Watching Murtlock approach alone, Jenkins recalls a childhood memory that he shared with Moreland, a fear that a lone approaching figure was Apollyon, the fiend from The Pilgrim’s Progress; “a lively portrayal of the fiend in an illustration, realistically depicting his goat’s horns, bat’s wings, lion’s claws, lizard’s legs — the terror of that image, bursting out from an otherwise at moments prosy narrative, had imbedded itself for all time in the [Moreland’s] imagination. ” [HSH 216/233 ]

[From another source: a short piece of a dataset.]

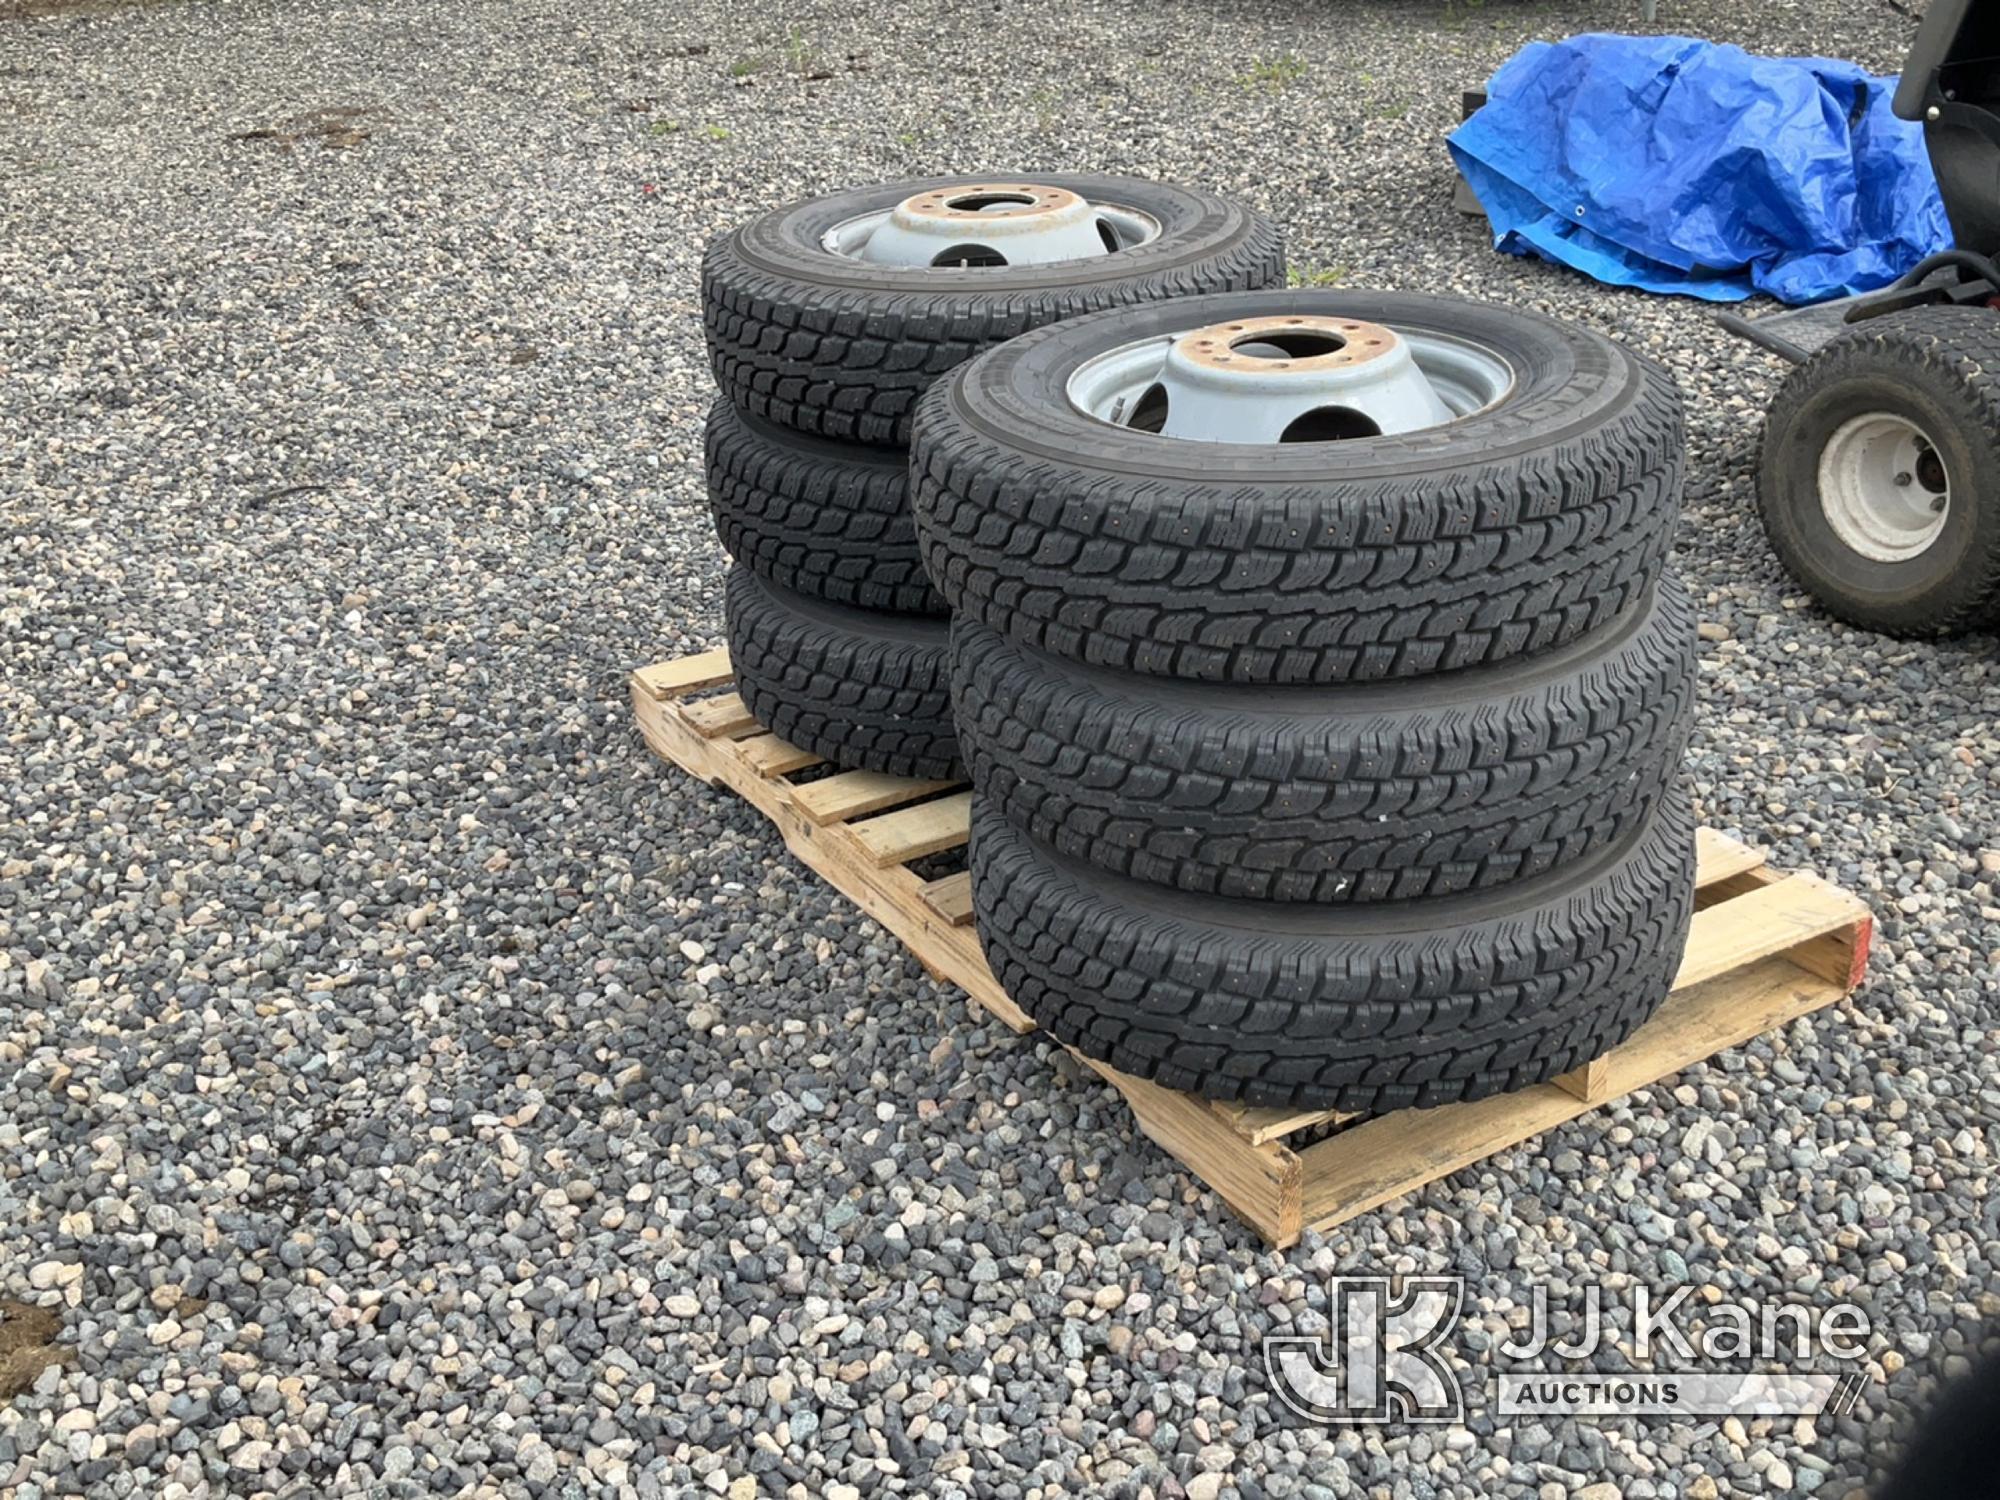 (Portland, OR) Winter Cat LT215/85R15 Snow Tires NOTE: This unit is being sold AS IS/WHERE IS via Ti

John Bunyan published the allegory The Pilgrim’s Progress in 1677. It has remained in print since then, appearing in multiple editions with many different illustrators, and is still widely read as a Christian lesson. Apollyon, the Destroyer, is the rebel angel who battles the hero Christian. Our narrator is a bit unreliable; Jenkins and Mortland’s memory does not quite match Bunyan’s description:
We are not sure which illustration Jenkins and Moreland remembered from their childhoods. The illustration by William Blake (1824-1827) shows the terrifying Apollyon in frightening detail, with the scales worthy of pride, but Blake’s originals were watercolors and were not published with a text of the Pilgrim’s progress at the time (Norvig, 1993). The are currently in the Frick Collection, which exhibits them intermittently.
A number of Victorian illustrators took on the subject. H.C. Selous and M. Paolo Priolo’s version won a prize competition from the London Art Union but does not quite convey the full force of the terror that would stay in boys’ memories for the rest of their lives (for contemporary reaction, see The Spectator, 13 January 1844 ).
The illustration by William Bell Scott , published in 1887, catches Apollyon’s dynamic force, with plenty of claw and wing, but where are the horns?
The version by Frederick Shields shows Apollyon’s frightening fanged face but just a bit of claw and no wing to match Jenkins’ remembrance. There are many other Apollyons to consider, and new ones continue to appear, like an Apollyon in digital stained glass (Howard, 2014-2015). Perhaps imperfect memory, whether Powell’s, Jenkins’, or Mortland’s, inevitably prevents us from finding the exact fiend illustration that the boys recall; we suspect that like so many of Powell’s verbal images, the artwork that he describes is an olio of many works, mixed by his imagination.